Exercise brief
What you return should be the full listing, copied exactly and stripped of its pictures.

Provided data
══════
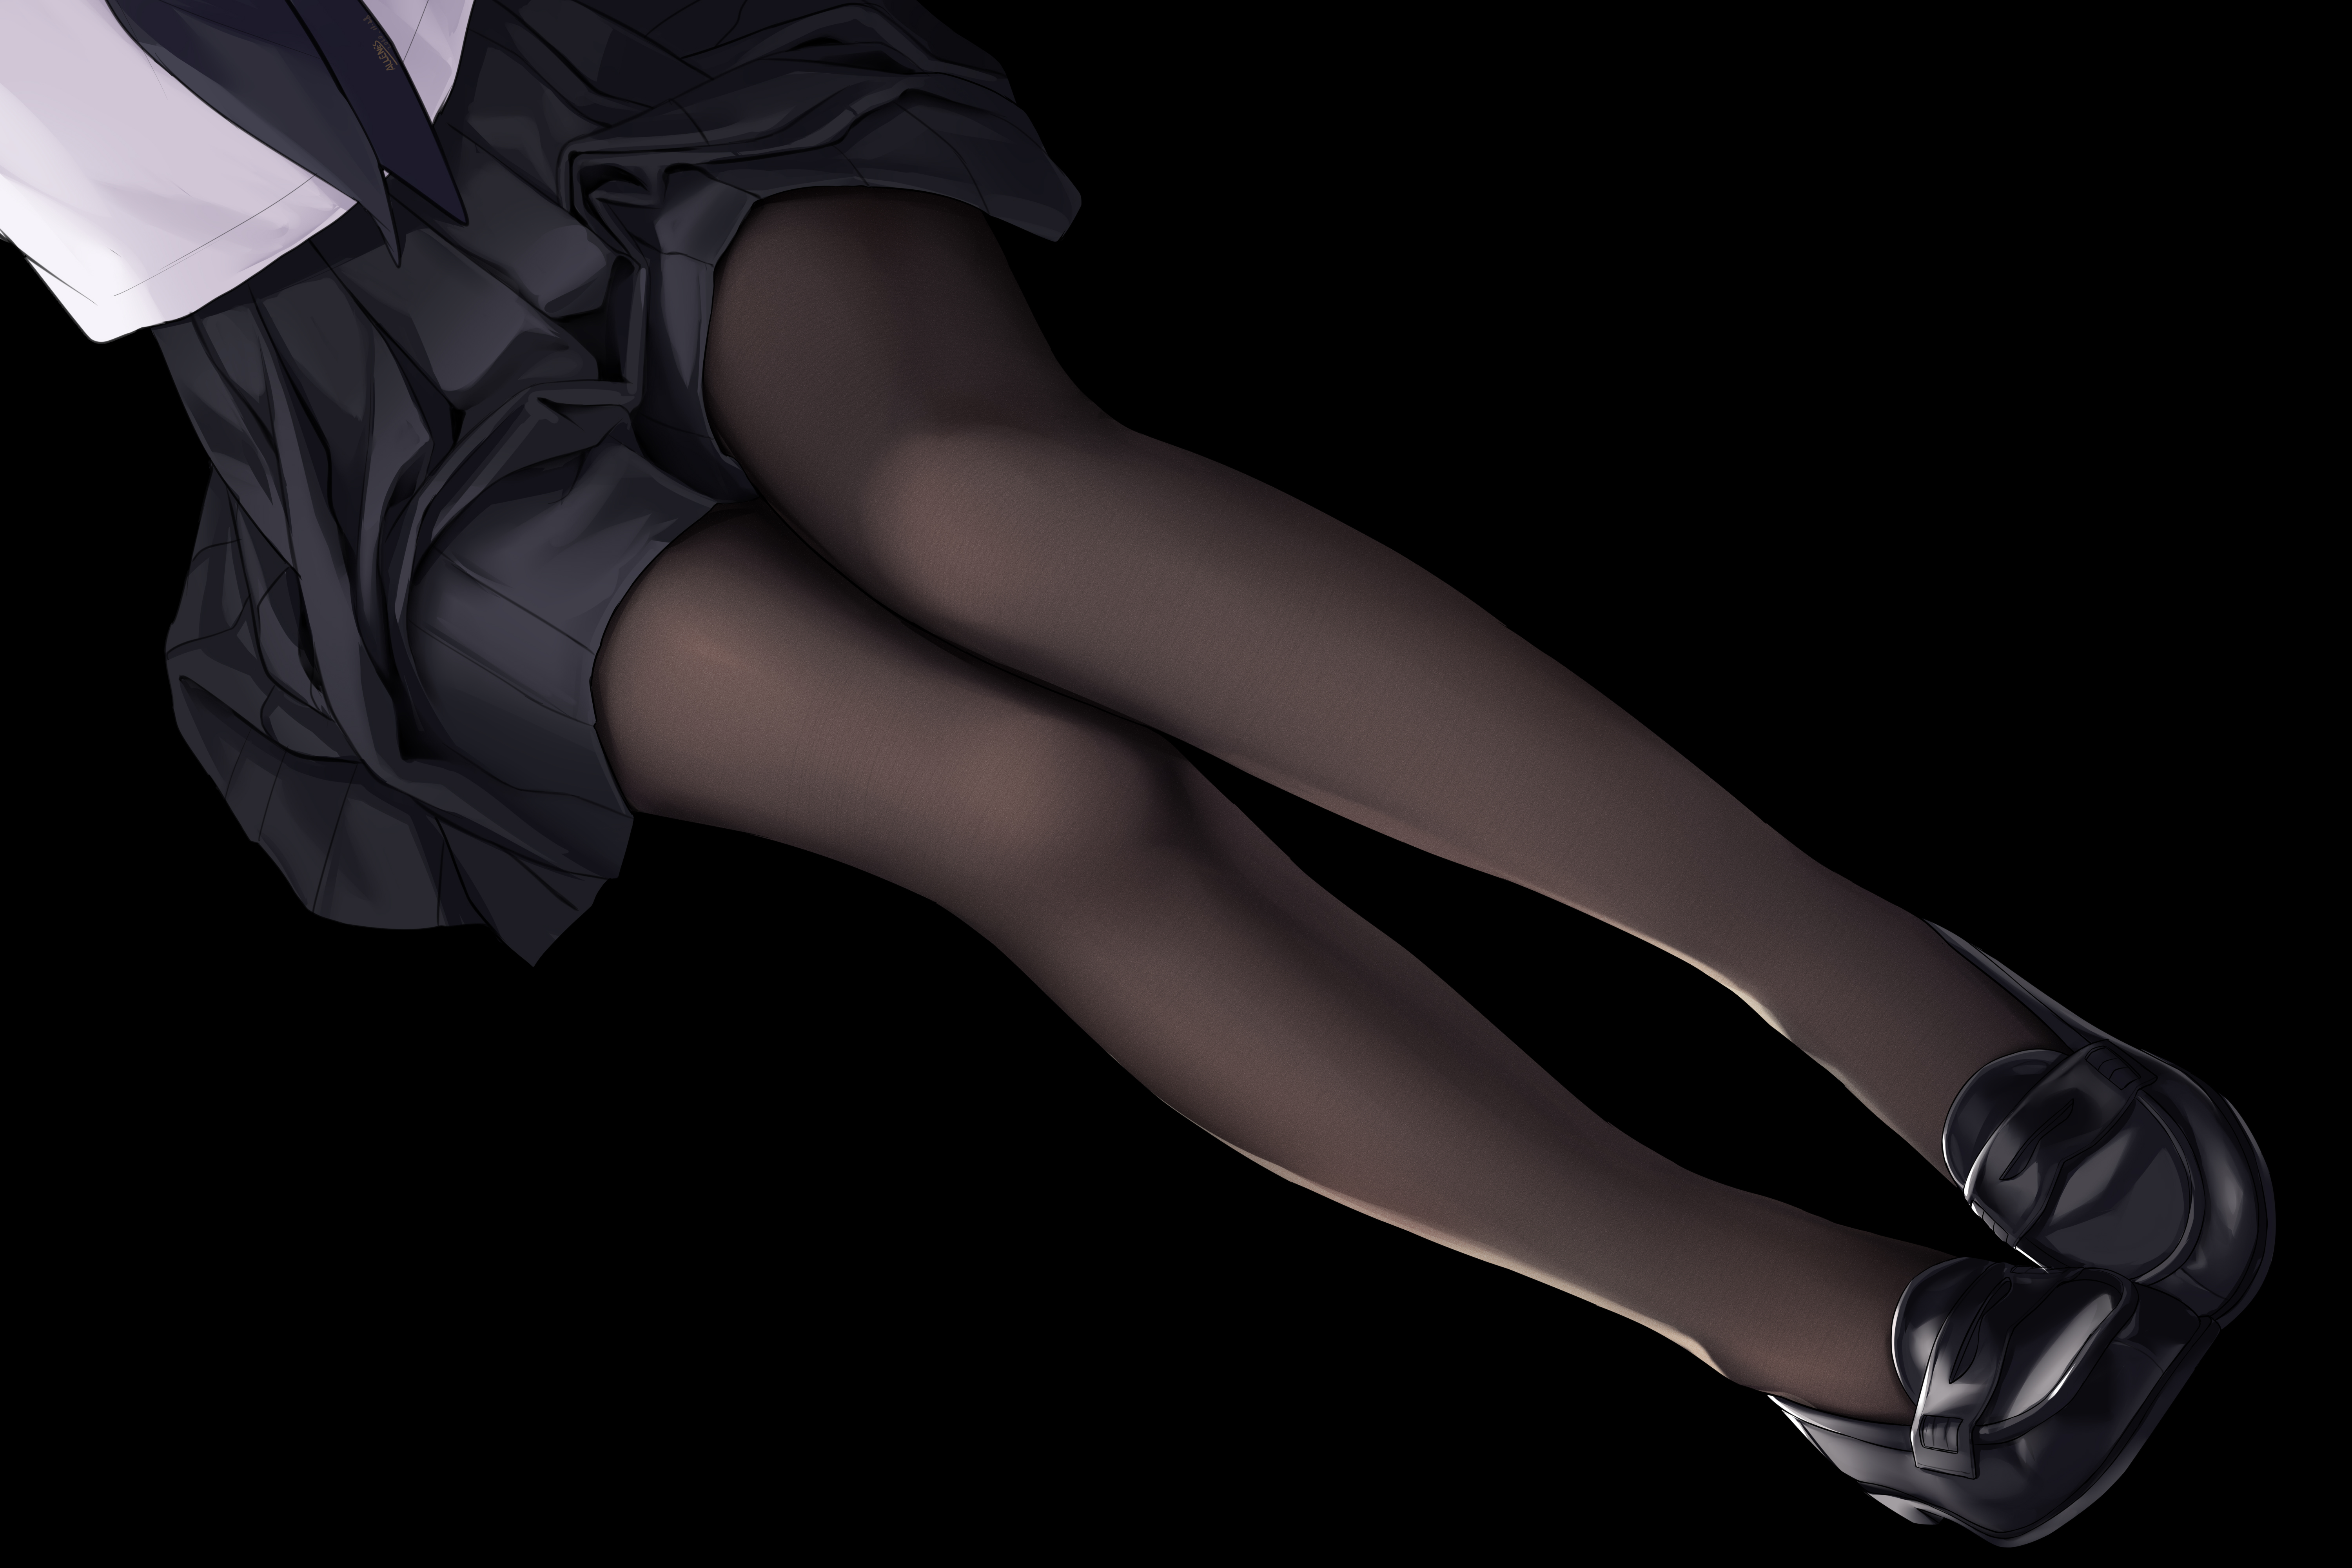 Anime Anime Girls Digital Art Artwork 2D Portrait Legs Simple Background Legs Together Black Backgro 6000x4000
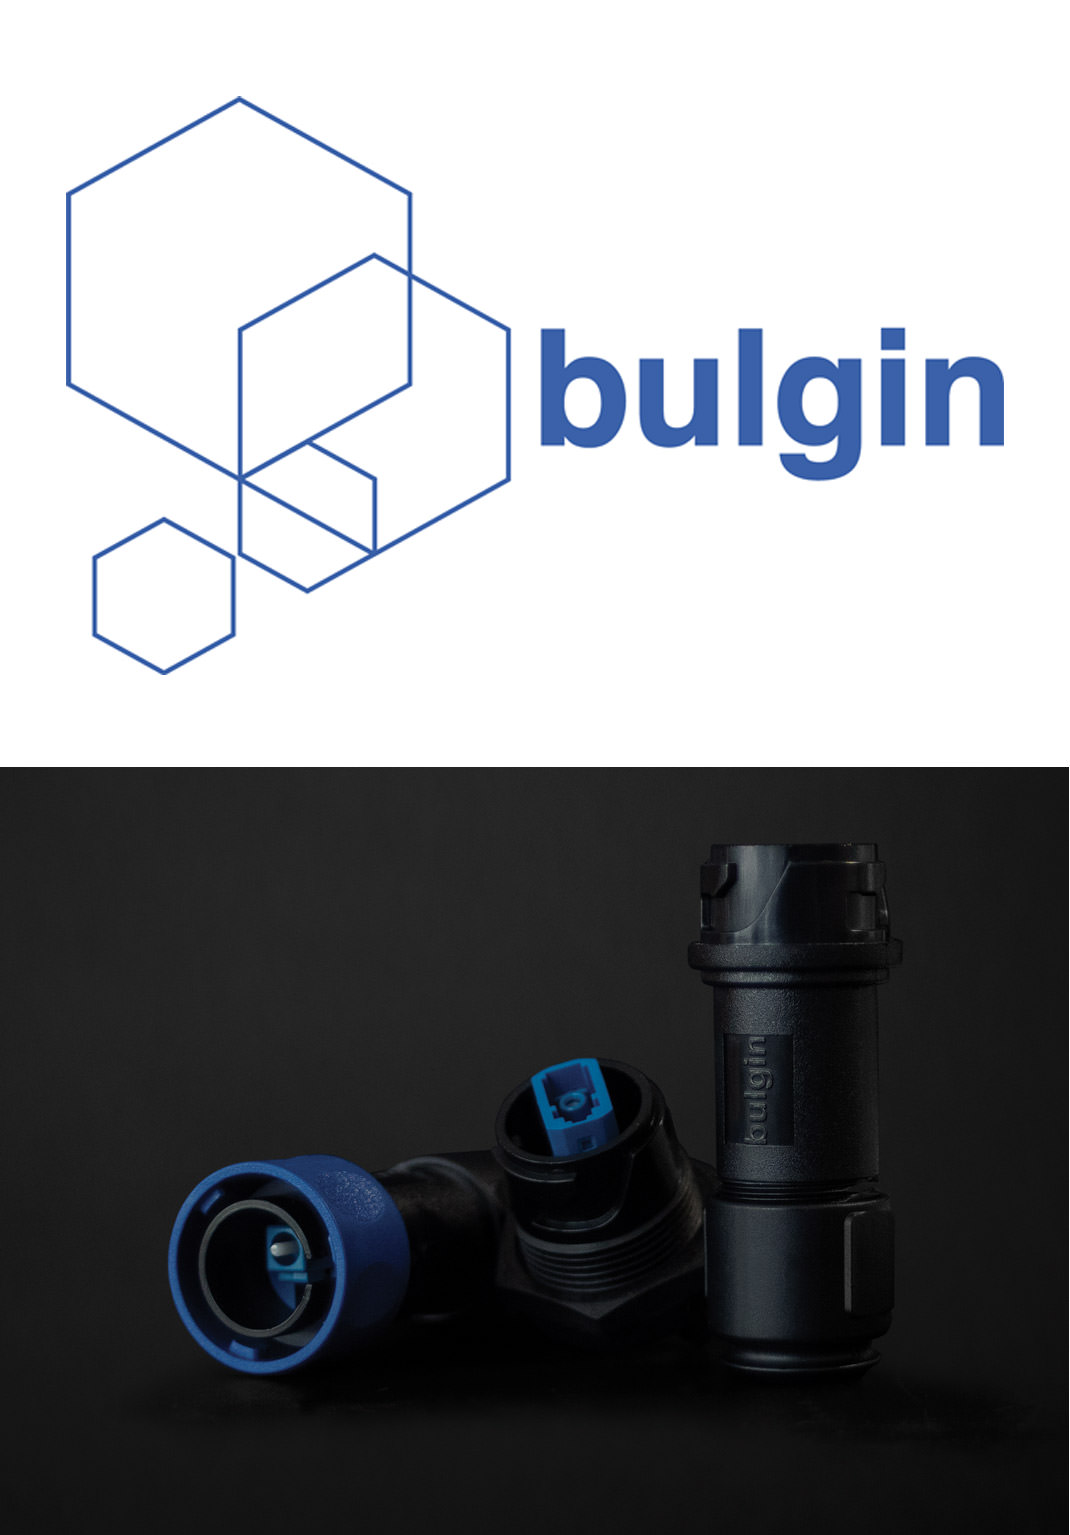 Bulgin logo and image
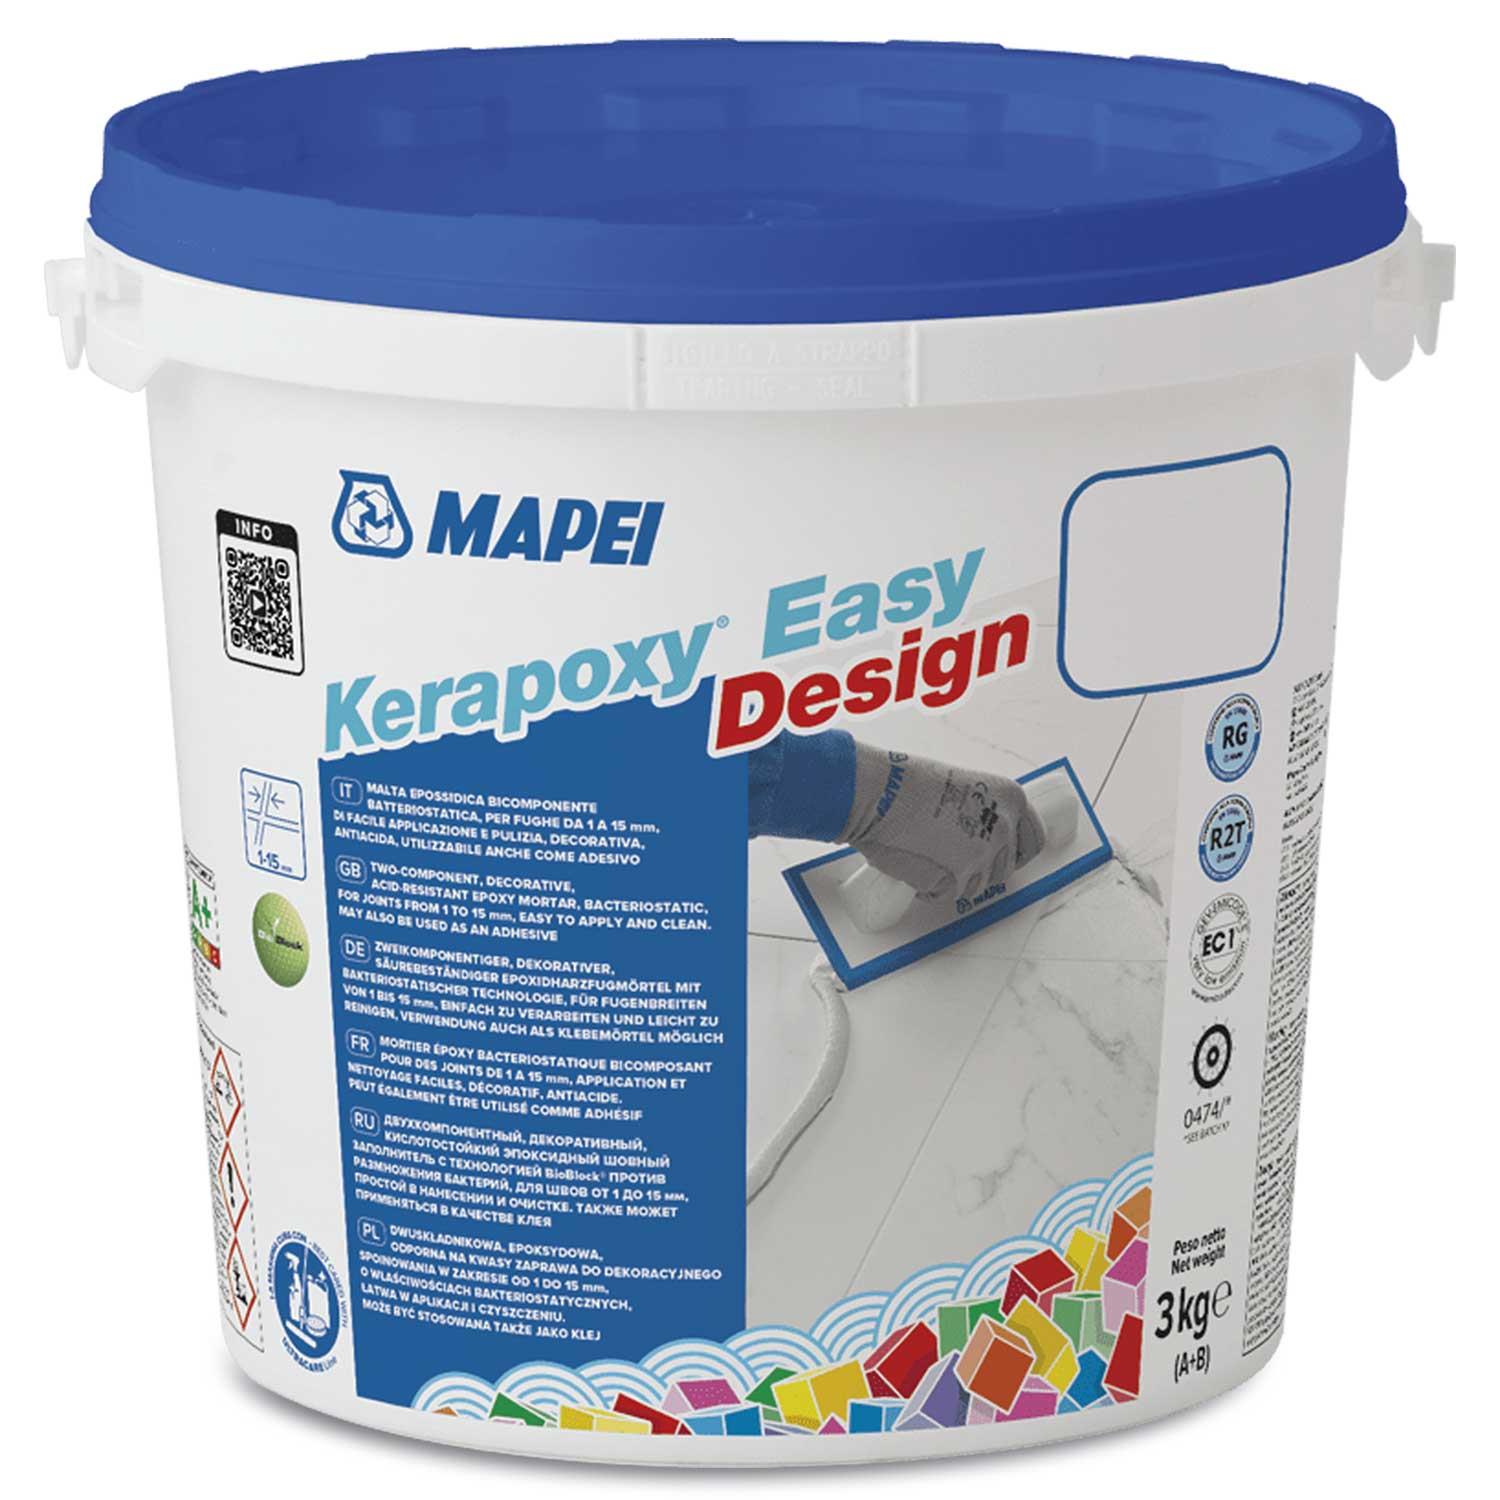 Mapei Kerapoxy Easy Design Expoxy Grout 3KG
══════
Written reply
 Anime Anime Girls Digital Art Artwork 2D Portrait Legs Simple Background Legs Together Black Backgro 6000x4000
 Bulgin logo and image
 Mapei Kerapoxy Easy Design Expoxy Grout 3KG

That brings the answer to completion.